Third, Abbey argues that the District Court should have granted his application for leave to amend the complaint in order to cure his defective pleading of an agency relationship between Skokos and 3F Therapeutics. In his opposition to defendants’ motion to dismiss the complaint, Skokos requested leave to amend his complaint in the event that the District Court found it deficient, noting that “[a]dditional facts . . . have come to light . . . [that] can bolster the claims asserted in the original Complaint.” Mem. in Opp. to Mot. to Dismiss, dated May 1, 2006, at 24. Among the additional facts uncovered by Abbey was that Skokos was a director of 3F Therapeutics at the time he allegedly induced Abbey to invest in that company Id. at 2 n. 2. This allegation could permit an inference that Skokos acted as an agent for 3F Therapeutics see, e.g., United States v. International Bhd. of Teamsters, 12 F.3d 360, 366 (2d Cir. 1993) (“A director of a corporation unquestionably acts as an agent of that corporation.”), and solicited investors on the company’s behalf. Under our precedents, “[a]s long as appellants have at least colorable grounds for relief, justice does require leave to amend.” Kaster v.

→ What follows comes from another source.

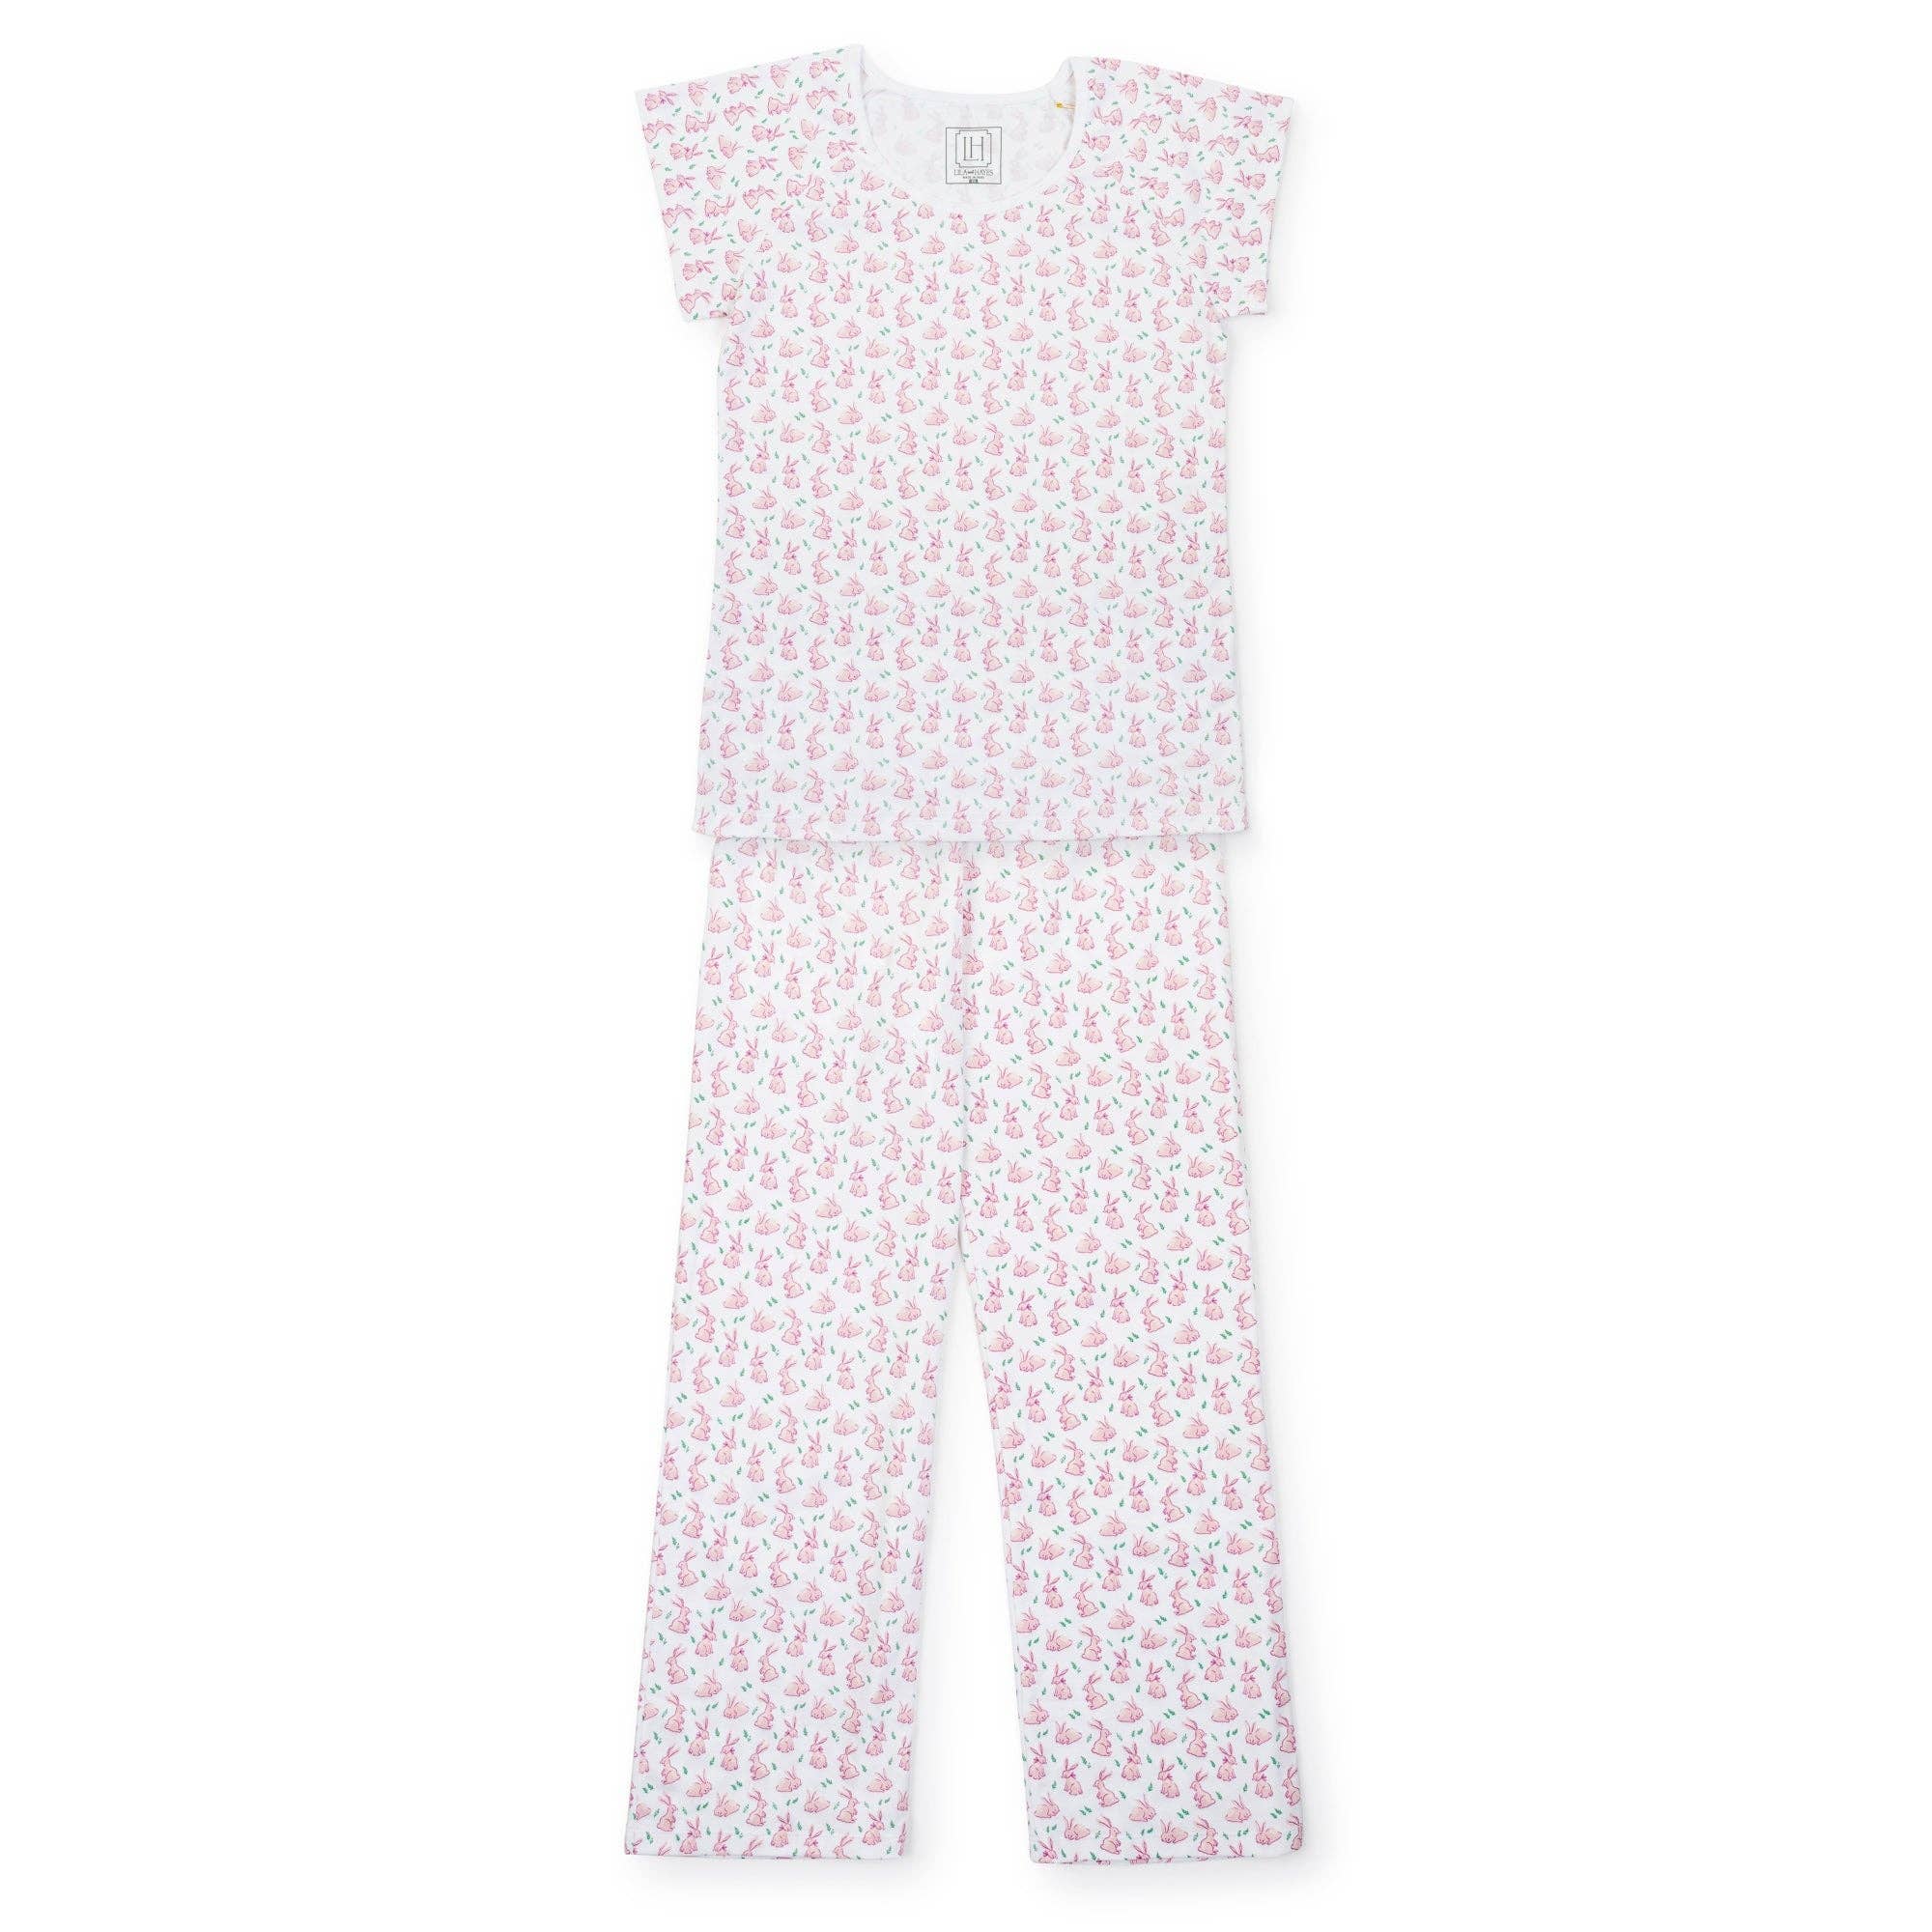 Mamie Women's Pima Cotton Pajama Pant Set - Bunny Hop Pink

Modification Systems, Inc., 731 F.2d 1014, 1018 (2d Cir. 1984) (internal quotation marks and ellipsis omitted). Because the District Court did not set forth a reason for denying Abbey’s application, and we see no basis for denying it, we conclude that Abbey should have been granted leave to amend his complaint.
3F Therapeutics advances several other grounds for affirming the dismissal of Abbey’s complaint. We intimate no view on the merits of those grounds, leaving them instead for the District Court to consider in the first instance.
Accordingly, we AFFIRM the judgment of the District Court with respect to Theodore C. Skokos, 3F Partners Limited Partnership II, and 3F Management II, LLC; VACATE the judgment with respect to 3F
Therapeutics, Inc.; and REMAND the case for further proceedings consistent with this order.